Version 4.1.0-5005 Enterprise Edition (build-5005)
Couchbase .NET SDK version: 2.2.1

I have 100000 documents in my bucket which is having different types of documents.

I am using Secondary index on fields according to the query.

I am trying to fetch the data in chunks using Limit = 10 and Offset starting from 0.

I am using the below statement within the loop and changing the offset value according to the iteration.
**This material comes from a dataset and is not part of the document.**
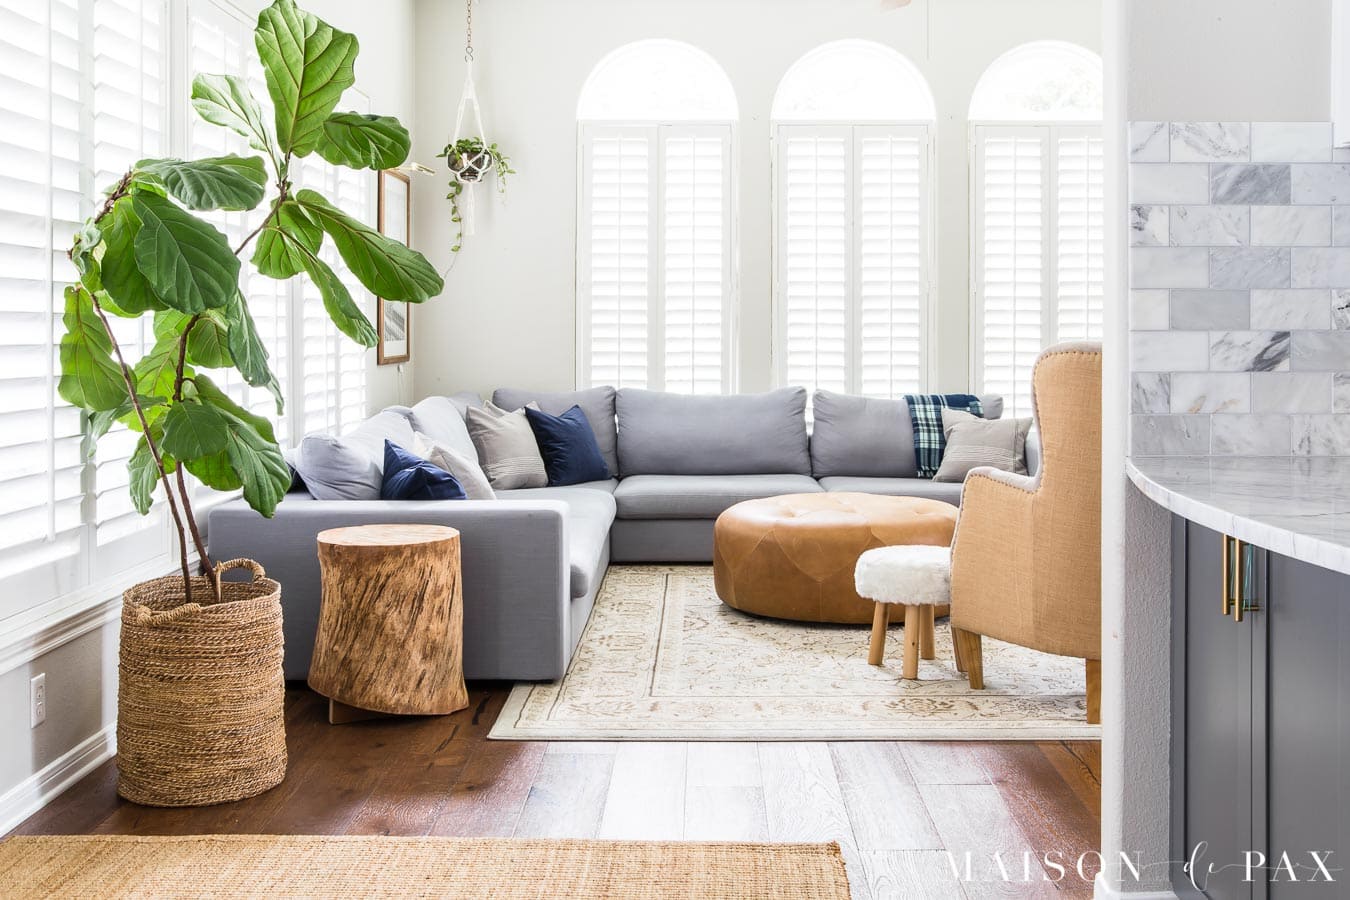 Gray, white, and navy living room with warm netural textures

var result = objCouchBucket.Query(query);

Now my problem is that the query response time increases as the iteration increases.

eg.

Time taken for executing CouchBaseQuery: 00:01.190 PageNo: 1
Time taken for executing CouchBaseQuery: 00:00.832 PageNo: 2
Time taken for executing CouchBaseQuery: 00:00.534 PageNo: 3
Time taken for executing CouchBaseQuery: 00:00.638 PageNo: 4
Time taken for executing CouchBaseQuery: 00:01.721 PageNo: 5
Time taken for executing CouchBaseQuery: 00:01.675 PageNo: 6
Time taken for executing CouchBaseQuery: 00:01.960 PageNo: 7
Time taken for executing CouchBaseQuery: 00:03.102 PageNo: 8
Time taken for executing CouchBaseQuery: 00:01.872 PageNo: 9
Time taken for executing CouchBaseQuery: 00:02.035 PageNo: 10

Time taken for executing CouchBaseQuery: 01:17.503 PageNo: 261
Time taken for executing CouchBaseQuery: 01:01.168 PageNo: 262
Time taken for executing CouchBaseQuery: 01:36.633 PageNo: 263
Time taken for executing CouchBaseQuery: 01:14.127 PageNo: 264
Time taken for executing CouchBaseQuery: 01:20.398 PageNo: 265
Time taken for executing CouchBaseQuery: 01:13.244 PageNo: 266
Time taken for executing CouchBaseQuery: 01:37.856 PageNo: 267
Time taken for executing CouchBaseQuery: 01:29.662 PageNo: 268
Time taken for executing CouchBaseQuery: 01:39.530 PageNo: 269
Time taken for executing CouchBaseQuery: 01:18.455 PageNo: 270
Time taken for executing CouchBaseQuery: 01:13.062 PageNo: 271
Time taken for executing CouchBaseQuery: 01:25.460 PageNo: 272

I have also tried with increasing chunk size (i.e. Limit = 100),but then also I am facing the same problem.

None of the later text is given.